It’s ideal material to hang lunatic and unlikely interludes on, and imbue its characters with ever-increasing frustration at events’ determined resistance to go according to plan. In this, Murray’s deadpan charisma is perfectly posited, be it his vague attempts to suggest he’s a psycho (“I shot the lights. They were looking at me” he explains of the cameras in the bank, while pretending to be a Nam veteran), responding to Robards (a succession of clown one-liners all land), asking directions from some road workers (“Thank you guys. You could’ve given us help, but you’ve given us so much more”) or opining on the difficulties in getting through airport check-in (“Those damn terrorists have made it tough on us bank robbers”). This is Murray’s delivery at its finest, responding to each new incident with the same rumpled unruffledness.


He’s ably supported by Davis and Quaid. The latter wheels out his idiot best buddy for what was probably the umpteenth time, responsible for honking a horn and setting Rotzinger on their trail (“Sometimes their noses are horns” offers one of Rotzinger’s subordinates by way of explanation for how the sound might have emanated from within the bank). At one point, able to take no more of Tony Shaloub’s uncomprehending Arabic cabbie (“What, have you got shit in your ears?” Quaid exclaims unhingedly) he memorably leaps out of a moving vehicle, running straight into a billboard. Davis has easy chemistry with Murray, even if her role isn’t the most pro-active, and she’s encumbered with a second-rate subplot concerning whether or not to tell Grimm about her pregnancy. She’s at least rewarded with one of the best lines, though (“No, no if that was our plane it would be crashing”).


But it’s the incidental encounters that really sell this, from a surreal bicycle joust with mops as lances (“It’s bad luck just seeing a thing like that” gasps Quaid), to Shaloub’s incomprehensible antics, proving to be a thorn in their side long after they have exited his cab, to their encounter with the mafia (“This ain’t my dick in your back” exclaims Stanley Tucci’s gun wielding gangster; “That’s a relief” responds Murray) to their bus ride from hell, courtesy of Philip Bosco’s anal driver demanding exact change, unable to give an exact estimate of the walk between the bus stop and airport before offering a precise “21 minutes”. The bus sequence is particularly sublime, with Grimm desperately waiting in a very slow queue in a shop nearby for his exact change, responding to the local odours (“What’s that smell?” asks Phyllis; “Used wine” replies Grimm) and faced with a man with a guitar strapped to his back who repeatedly fails to make adjustments for the size of the door.

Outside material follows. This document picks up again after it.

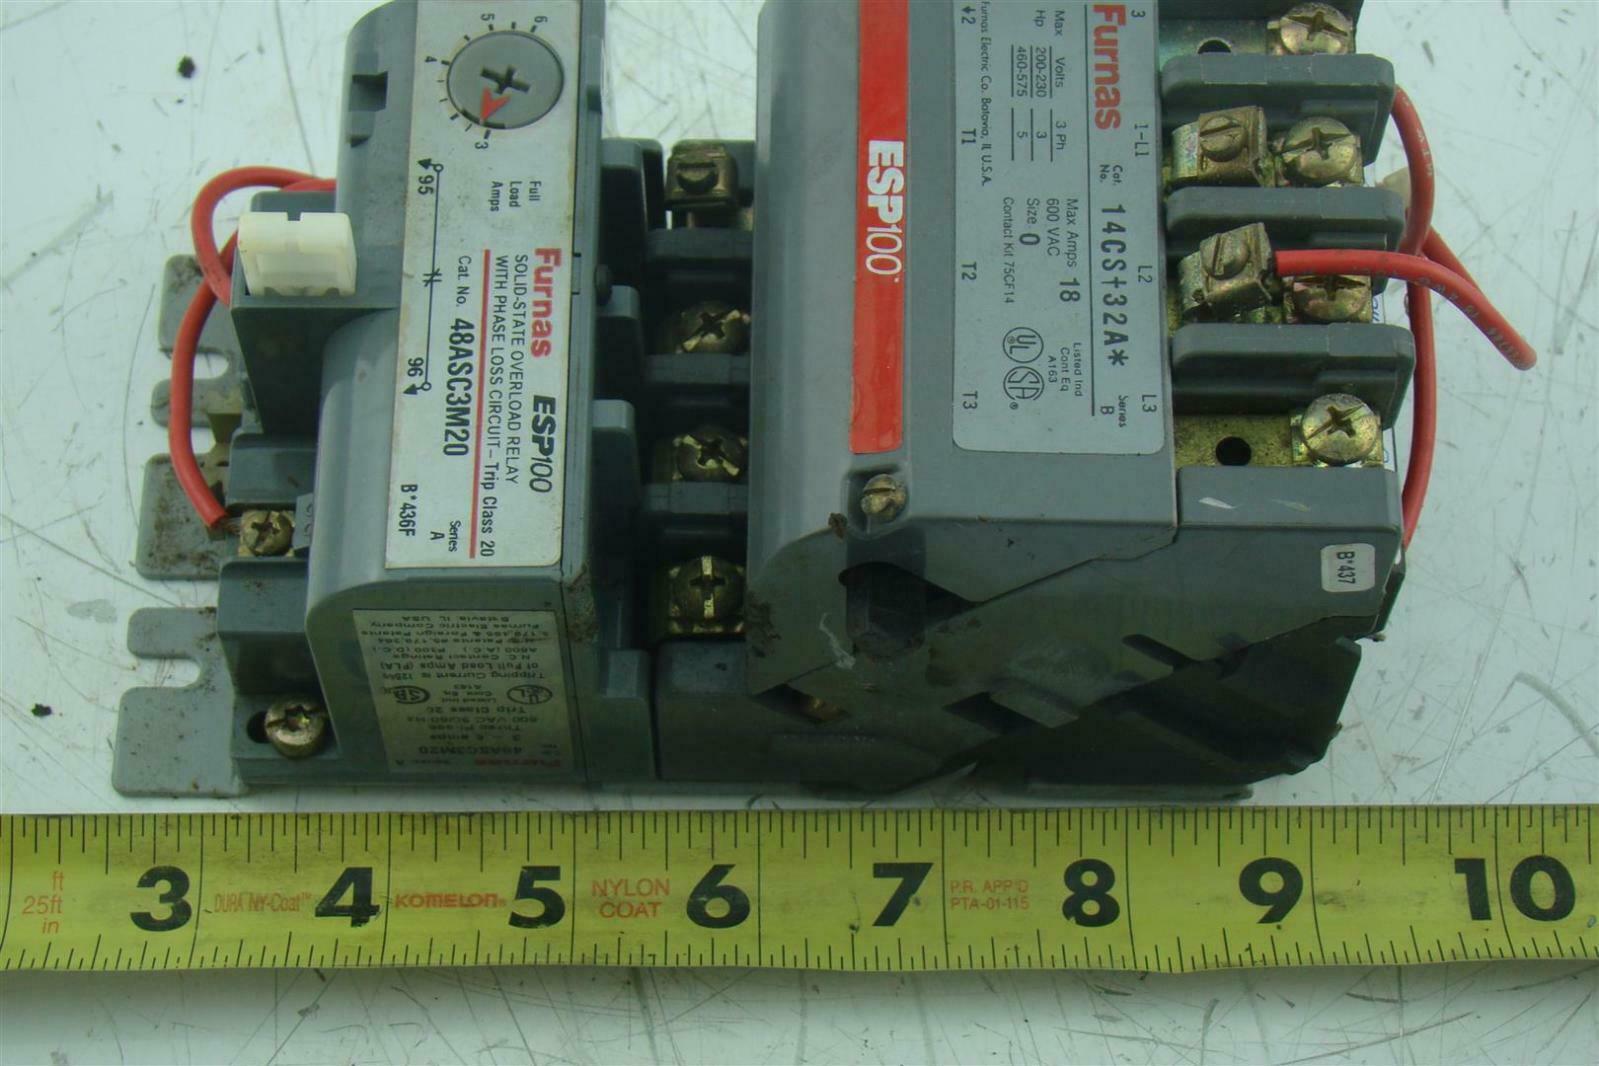 Furnas Magnetic Starter Wiring Diagram Explained Diagrams Motor Esp100 Overload Relay Schematics Air Compressor 220v

At the airport, Woody Allen regular Ira Wheeler offers priceless horror at whatever Murray and Quaid are up to behind a men’s room cubicle door (it’s an old set up, but it’s all in the delivery) and Kurtwood Smith cameos with a veneer of unrepentant obnoxiousness as the mafia guy in charge. Howard reportedly didn’t take the movie because there was no one to root for, missing that you always root for Bill Murray. Added to which, Phyllis’ pregnancy lends the picture an excuse for this trio not to face the long arm of the law, after which it is emphasised that Smith’s guy is a real villain who makes more in a day than Grimm could make off with in a week; I’m not sure the picture really needs to foist a moral hierarchy on us, but that’s in the nature of Hollywood studio think. If the criminals are going to get away with it, they have to be thoroughly decent criminals really.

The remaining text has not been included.